The present invention designs a kind of novel inverted index method being suitable for content metadata retrieval, the data file encryption of correspondence can be gone out at key word information quick-searching in cloud storage system that client provides according to user, ensure that the efficiency of user encryption data file retrieval and precision, solve the problem that data file encryption retrieval is difficult or retrieval rate is slow in the big data environments such as cloud storage;
The present invention is equally applicable for the retrieval of the data file encryption in cloud storage system and plaintext data file, is attained by quick-searching and returns the purpose of retrieval result.
Accompanying drawing explanation
Fig. 1 is the schematic flow sheet of data file encryption of the present invention storage and search method;
Fig. 2 is three kinds of metadata relationship figure;
Fig. 3 is content metadata structure chart;
Fig. 4 is storage metadata structure figure;
Fig. 5 is the method flow diagram that a kind of data file encryption based on cloud storage system stores with search method embodiment;
Fig. 6 is the retrieval model figure of data file encryption;
Fig. 7 is the inverted index schematic diagram of content metadata;
The matrix that Fig. 8 is the inverted index of content metadata represents schematic diagram;
Fig. 9 is inverted index Factorization algorithm and the parallel processing schematic diagram thereof of content metadata.

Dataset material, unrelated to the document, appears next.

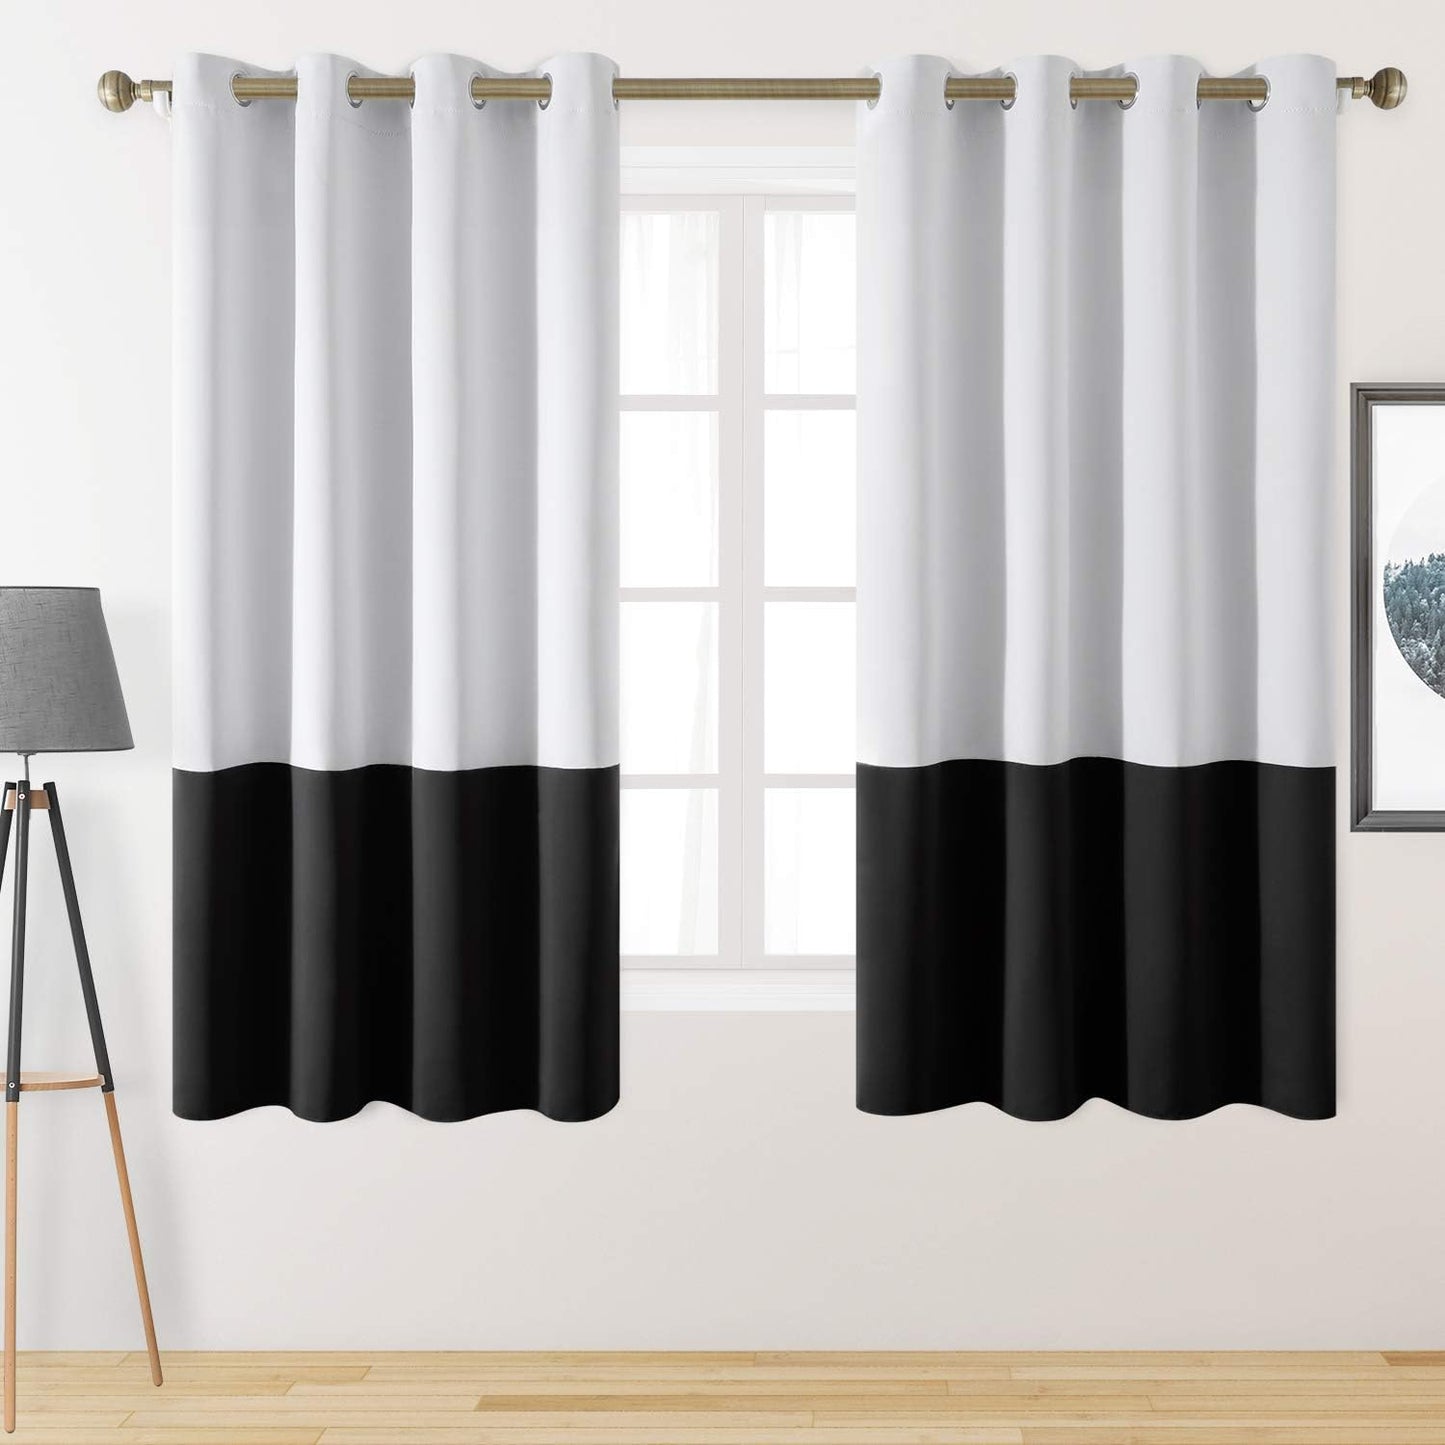 HOMEIDEAS Navy Blue Ombre Blackout Curtains 52 X 84 Inch Length Gradient Room Darkening Thermal Insulated Energy Saving Grommet 2 Panels Window Drapes for Living Room/Bedroom  HOMEIDEAS White/Black 52"W X 63"L

Detailed description of the invention
Below in conjunction with accompanying drawing, further illustrate specific embodiments of the invention.
Present invention is disclosed a kind of data file encryption storage and retrieval system based on cloud storage system and method, by the attribute information of former data file and content information, and the file global identifier of data file encryption is stored in content metadata storehouse, in the way of realization is without decrypted original data file, complete the search operaqtion of data file encryption.
The know-why of the present invention: (1) is by designing special content data file metadata structure, content metadata includes data file file global identifier (FGID) in an encrypted state, before client or cloud storage system server end (i.e. cloud storage system) are to data file encryption, automatically extract the content metadata of data file, and it is deposited into the content metadata database of cloud storage system server end, namely being stored in cloud storage system, the retrieval for data file encryption provides foundation; (2) data file may select in client encryption or encrypts at the server end of cloud storage system, then storage mode in a distributed manner is stored in the storage device of cloud storage system, it is ensured that the safety of data file, privacy, high availability and data integrity; (3) ensure that the retrieval rate of huge volumes of content metadata in cloud storage system by a kind of novel inverted index method, it is achieved thereby that the quick-searching of data file encryption. This invention overcomes conventional cryptography data file retrieval difficulty or the defect that after deciphering, retrieval rate is slow.
Data file encryption storage and retrieval system based on cloud storage system disclosed by the invention comprises: cloud storage system and client.
Cloud storage system comprises server end and storage device; Server Side Include authenticating user identification module, content metadata extraction module, metadata management system, data file encrypting module, information searching module; Connect and manage content metadata storehouse, system metadata storehouse and storage metadatabase under described metadata management system; Storage device, it is used for storing data file, and data file comprises data file encryption and plaintext data file. Client comprises content metadata extraction module and data file encryption module.
Storing and search method as it is shown in figure 1, disclose a kind of data file encryption based on cloud storage system, the method includes the steps of:
User is carried out authentication by authentication interface by S100, client.
User authentication includes accessing control and subscriber identity information offer; Access and control: be the access of restriction disabled user, be build the first line of defence of data safety in cloud storage environment; User profile provides: in follow-up content data file meta-data extraction, and the access rights obtaining user-dependent information and data are arranged, and are required for from user authentication information and obtain.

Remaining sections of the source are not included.